# Goats and ducks living together?



## shanzone2001 (Nov 8, 2009)

I just bought my daughter two duckings. They will be in their cage for at least 2 months, but I would like to eventually clip their wings and let them roam the large goat corral during the day. I heard goats cannot eat poultry feed because it is too rich for them. Any suggestions on how to make this work?
Thanks!


----------



## liz (Oct 5, 2007)

If your fencing will allow the ducks to slip their heads through and the goats can't you can put the ducks feed dish onb the outside of the fence. Also, it's very important to keep the goats water buckets up and out of the ducks reach....give them their own oversized pan otherwise those ducks will make a mess of your goats buckets.


----------



## Epona142 (May 26, 2008)

I used to keep a muscovy in with the goats. He kept bugs down and generally was a good fellow. He would occasional try to mate with the goats and he had his own water pail that he fouled horribly every day. 
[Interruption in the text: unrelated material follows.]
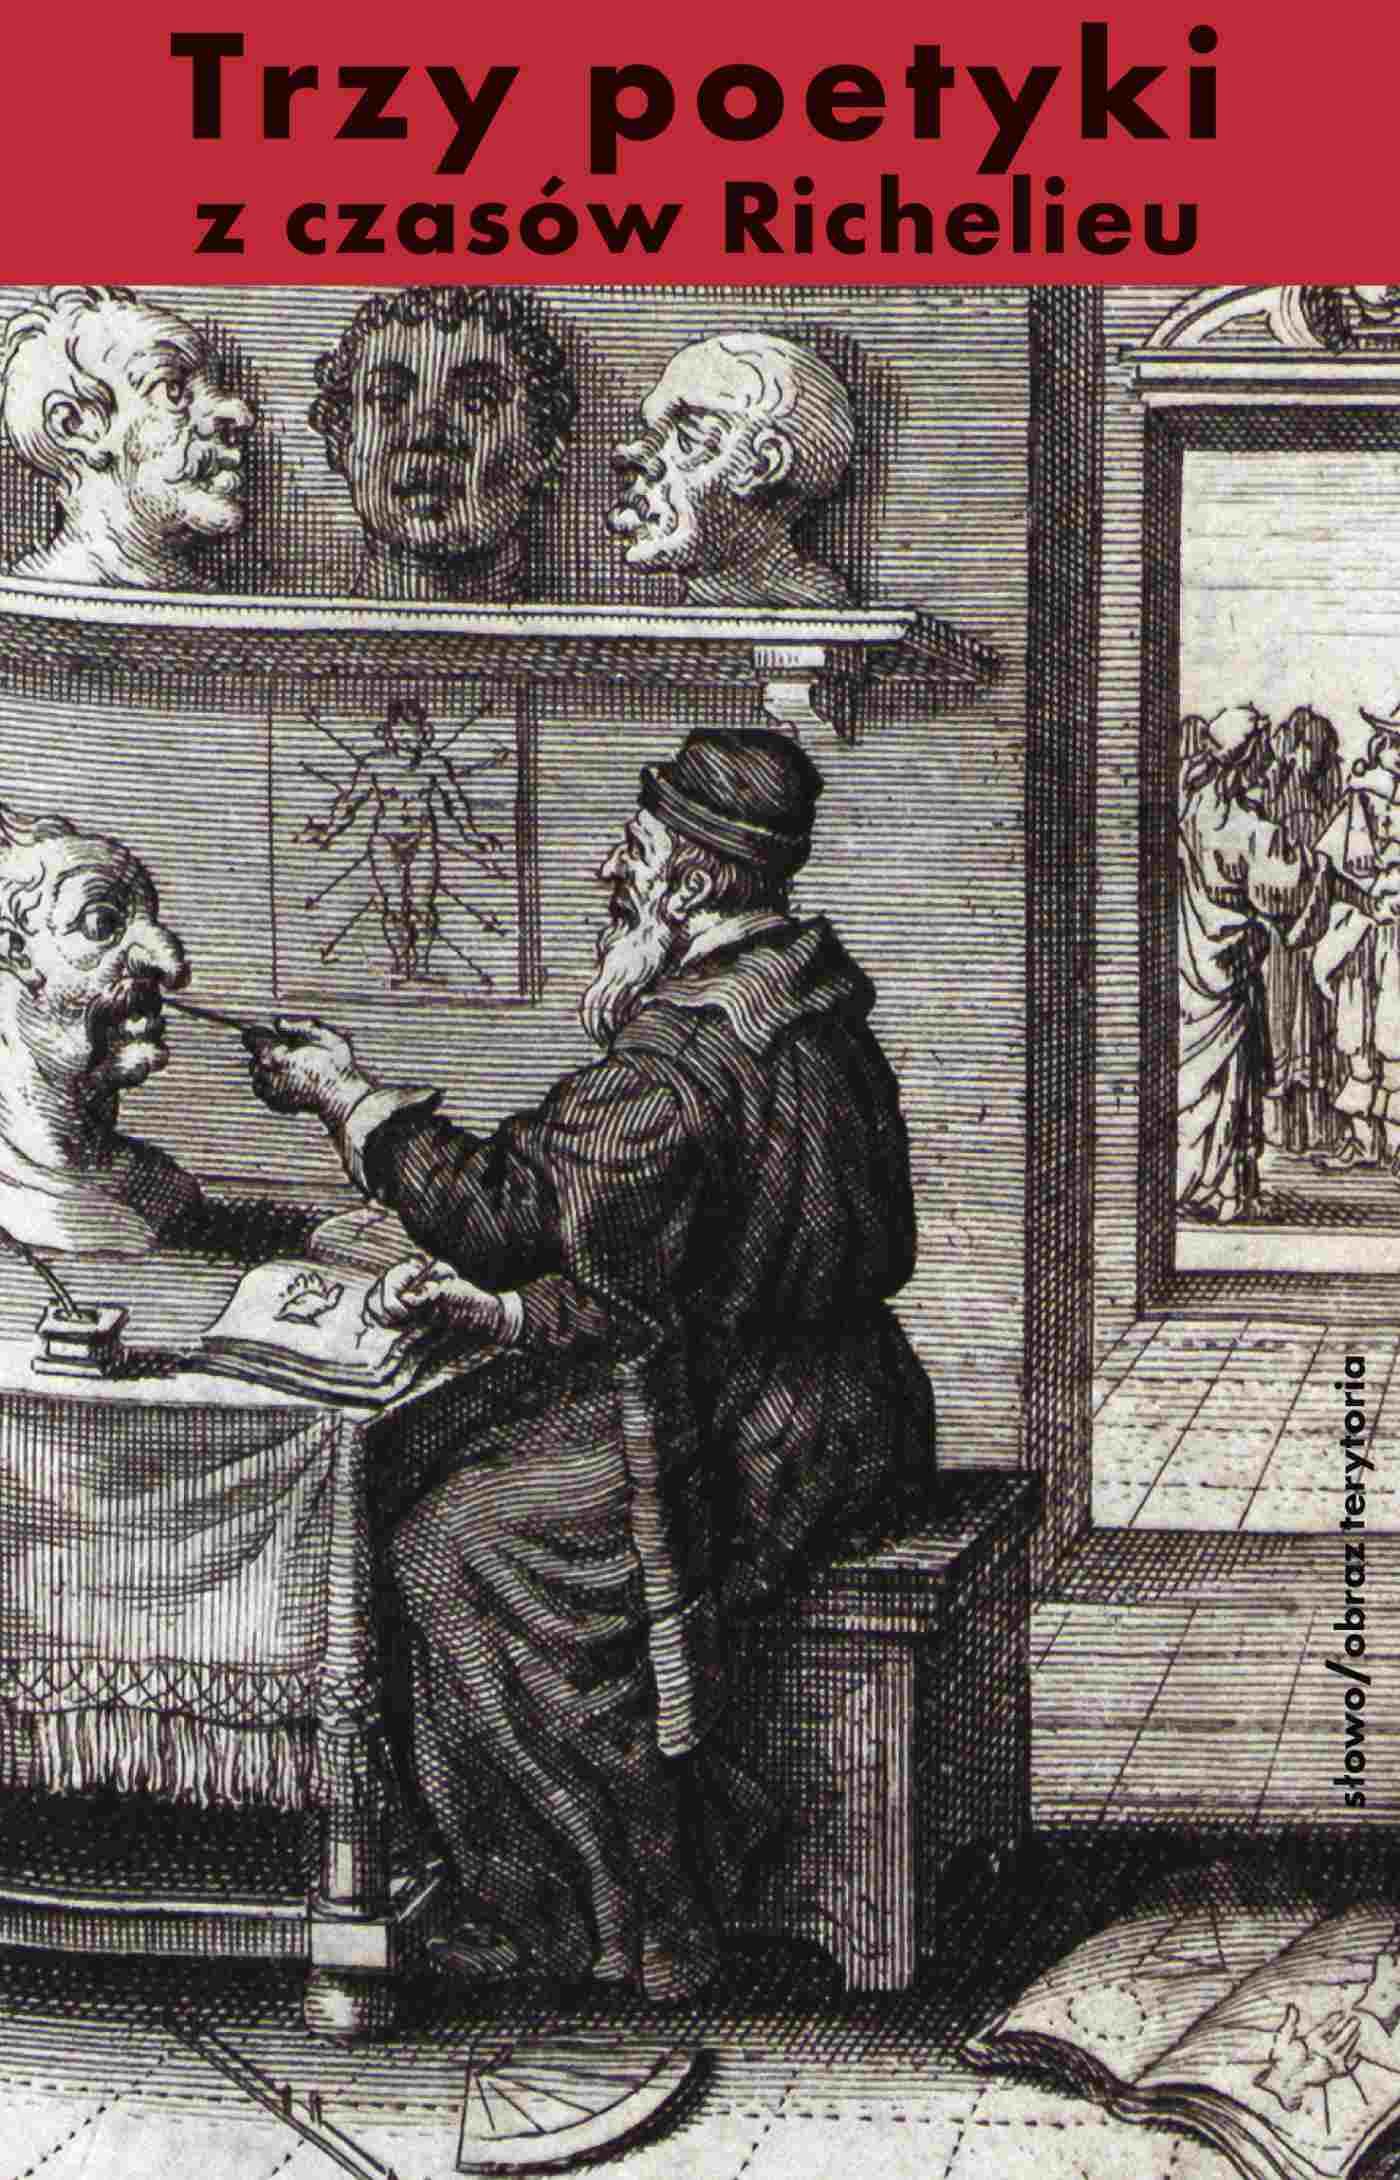 Trzy poetyki z czasów Richelieu. Francuski klasycyzm o dramacie - Ebook (Książka EPUB) do pobrania w formacie EPUB

You have to ensure there's water the ducks can't get into because ducks are NASTY. I'm hoping to get a few more muscovies when we extend the pastures to help with bugs. Or perhaps guineas.


----------



## Dairy Goat Lover (Sep 28, 2009)

I have kept ducks in with mine- no probs. But be very careful of your goats getting Toxoplasmiosis (sp?) its hard on them; or so I have been told by other breeders. 

Good Luck :thumb:


----------



## FunnyRiverFarm (Sep 13, 2008)

Ducks poop on everything...if that does not bother you and you have a way to keep them out of the goat drinking water they'll be fine.


----------



## KW Farms (Jun 21, 2008)

Definately wouldn't keep ducks with goats. The will constantly go into the trough and make the water discusting which can cause your goats to get sick. I guess if you can find some way to keep them out then it would be ok, but they still would poop all over on hay and eat their grain, etc. so ???


----------



## myfainters (Oct 30, 2009)

I would get the automatic waterers... the lick ones.. for the goats. Then I would fence in a little pond where the goats couldn't get in but the ducks could... that way you won't have to deal with nasty duck ick in your goaty water.


----------



## DebMc (Dec 11, 2009)

My goats share their yard with turkeys. The turkeys bathe in a large yet shallow water tub. The goats steer clear of that tub as they don't like dirty water and they have 4 buckets of clean drinking water that the turkeys can't fit their plumpness into. As far as feed goes, the turks free range it during the day and get dry feed (and canned tuna) only when locked in their coop for the night, where the goats can't reach it. Works out fine. Good arrangement as the turks also clean up spilled hay pellets and grain along with lots and lots of bugs. Most species of ducks are good buggers, too. 


Deb Mc


----------



## jdgray716 (Aug 8, 2008)

If you keep the water clean you will be fine. As for feeding time you could make a small duck shoot to a small holding area where they could eat. If you fince in a pond, just make the shoot to the pond area and feed them there.


----------



## magilacudy (Mar 18, 2009)

I personally would not. I've been raising ducks and geese for 7 years. They are extremely messy.The worst thing I ever did way try and keep the goats with some of my smaller ducks while I was working on a new pen. The pen needs to be cleaned twice as often, even the outside pen which has pea gravel gets yuck and needs to be hosed down more often.
The goats can NOT eat waterfowl or poultry feed. Another problem was the goats stepping on the ducks when it was feeding time and I ended up with a few injured wings.
And as previously said water is a big issue. The bowl will be clean one minute and filthy the next. I even had ducks jumping into the goats water buckets which are up high and taking a bath. If possible I would really not keep them together at all, it just means alot more work. I am very much looking forward to the new duck house we are putting in this spring so the birds are no longer in my barn.


----------



## bheila (Jan 10, 2009)

I personally wouldn't do it, again. If you all were able to keep the water buckets clean, let me know your secret ;0)


----------



## new2goats2013 (Nov 20, 2013)

I was thinking of putting my runner ducks/turkeys/goats in one big outdoor pen area. They would each have their own nighttime housing arrangements, but they would all open up to the same outdoor fenced in area. Would this work out? Each could have their own feed/water in their own nighttime housing area. The only thing I'd question is where to put the little kitty pool for the ducks and would the turkeys be wanting to take a swim/play in the water as well? Sorry,I don't mean to take over the thread this was just right in line with waht I was thinking and was wondering people's opinions.

thanks a bunch!


----------